We present the first mini-batch kernel $k$-means algorithm. Our algorithm achieves an order of magnitude improvement in running time compared to the full batch algorithm, with only a minor negative effect on the quality of the solution. Specifically, a single iteration of our algorithm requires only $O(n(k+b))$ time, compared to $O(n^2)$ for the full batch kernel $k$-means, where $n$ is the size of the dataset and $b$ is the batch size.

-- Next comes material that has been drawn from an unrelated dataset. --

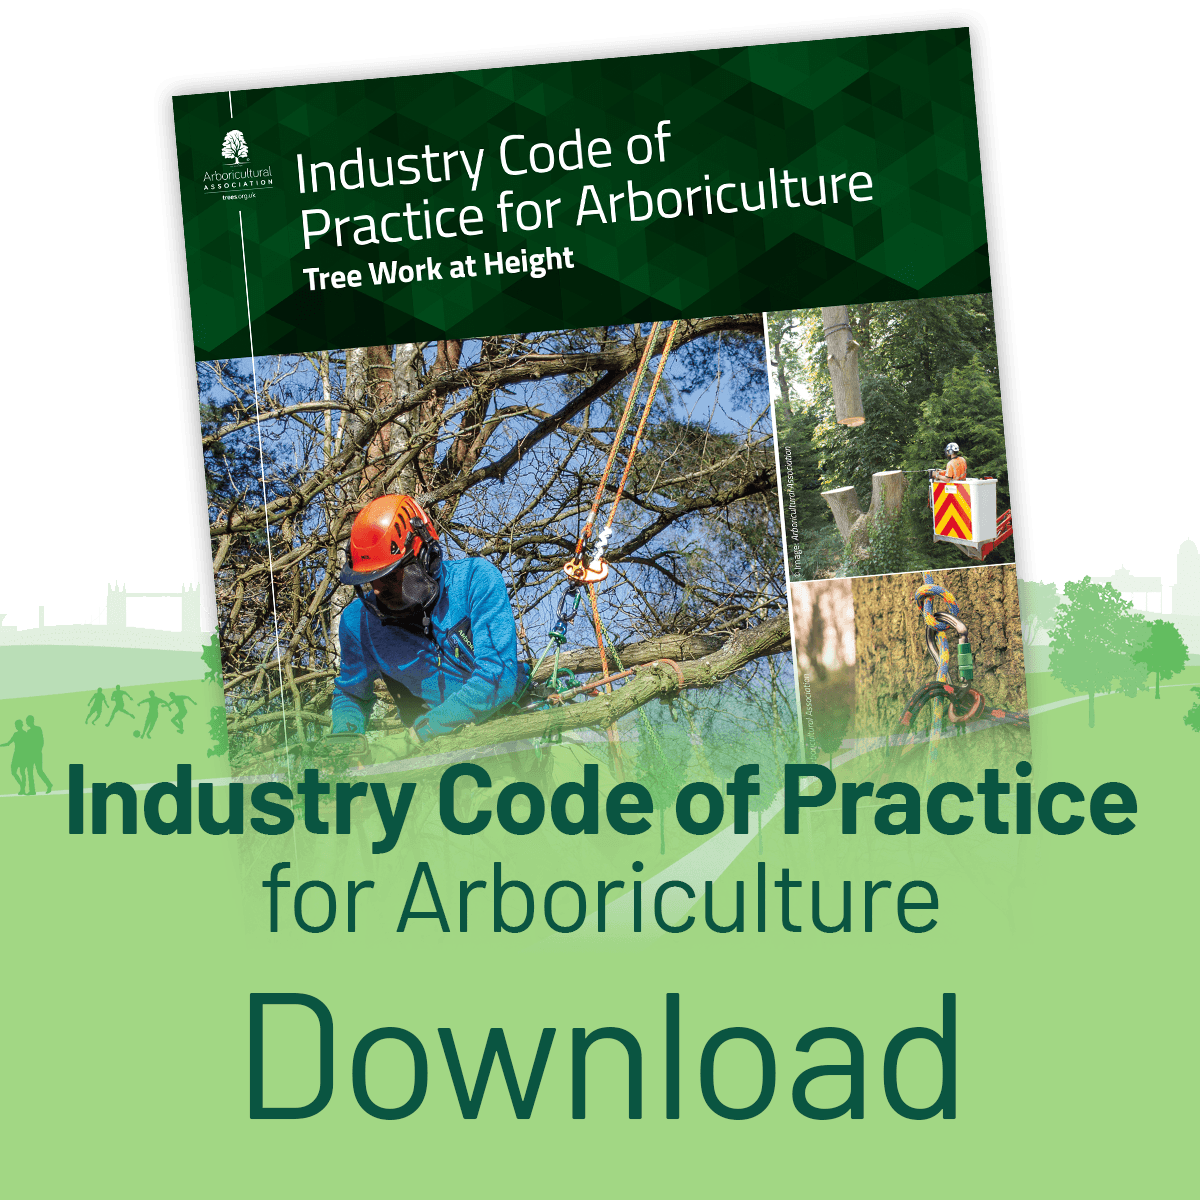 Download the Industry Code of Practice: Tree Work at Height
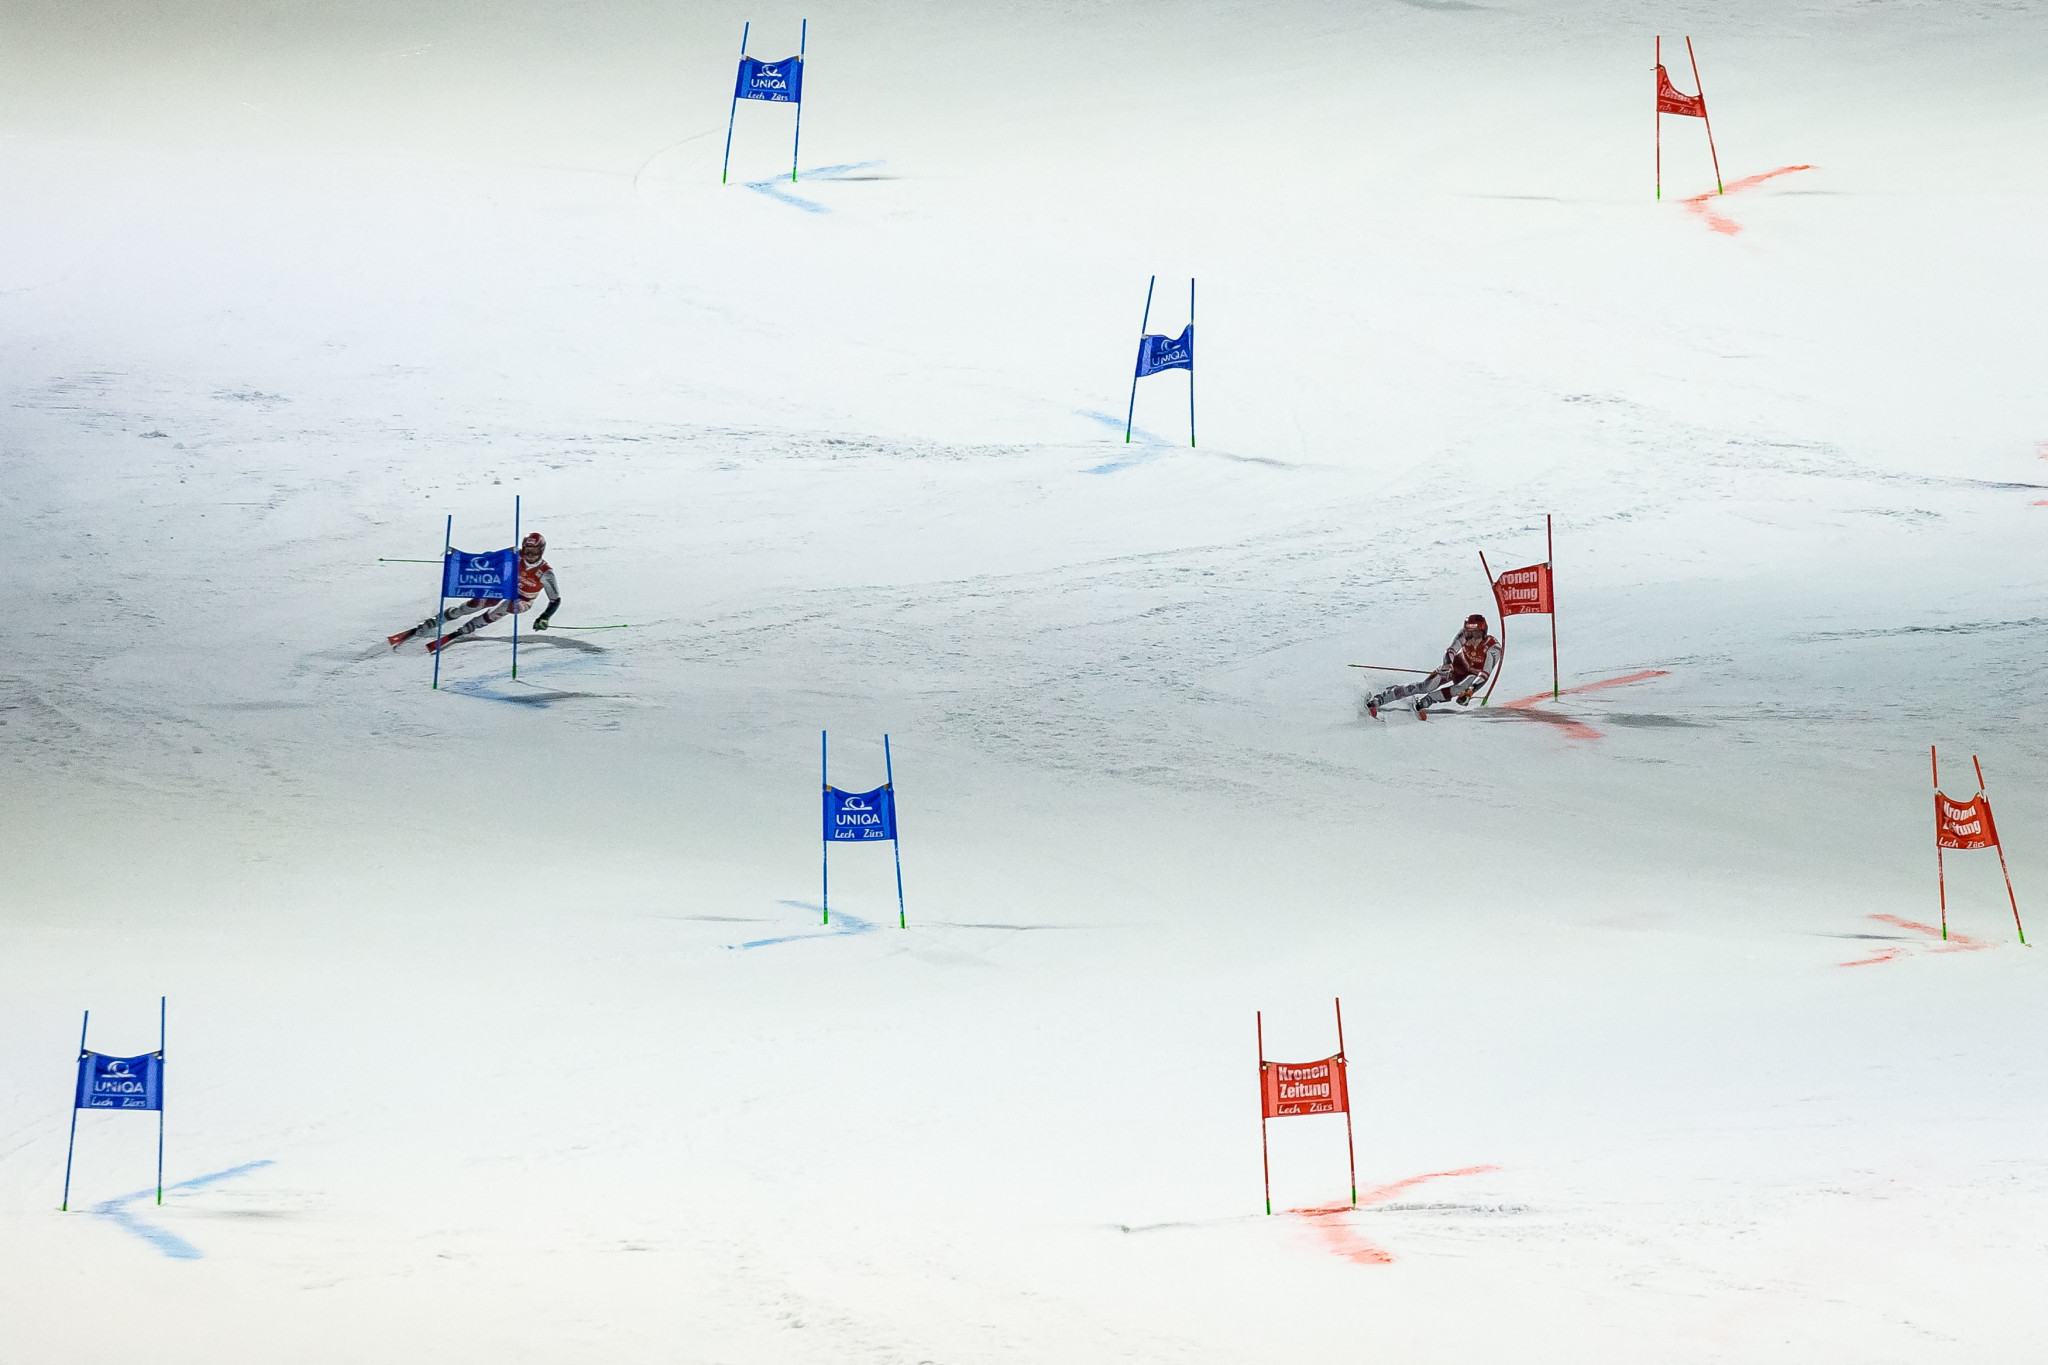 More Alpine Ski World Cup races cancelled because of warm weather

We provide a theoretical analysis for our algorithm with an early stopping condition and show that if the batch is of size $\Omega((\gamma / \epsilon)^2\log (n\gamma/\epsilon))$, the algorithm must terminate within $O(\gamma^2/\epsilon)$ iterations with high probability, where $\gamma$ is the bound on the norm of points in the dataset in feature space, and $\epsilon$ is a threshold parameter for termination. Our results hold for any reasonable initialization of centers. When the algorithm is initialized with the $k$-means++ initialization scheme, it achieves an approximation ratio of $O(\log k)$.
Many popular kernels are normalized (e.g., Gaussian, Laplacian), which implies $\gamma=1$. For these kernels, taking $\epsilon$ to be a constant and $b=\Theta(\log n)$, our algorithm terminates within $O(1)$ iterations where each iteration takes time $O(n(\log n+k))$.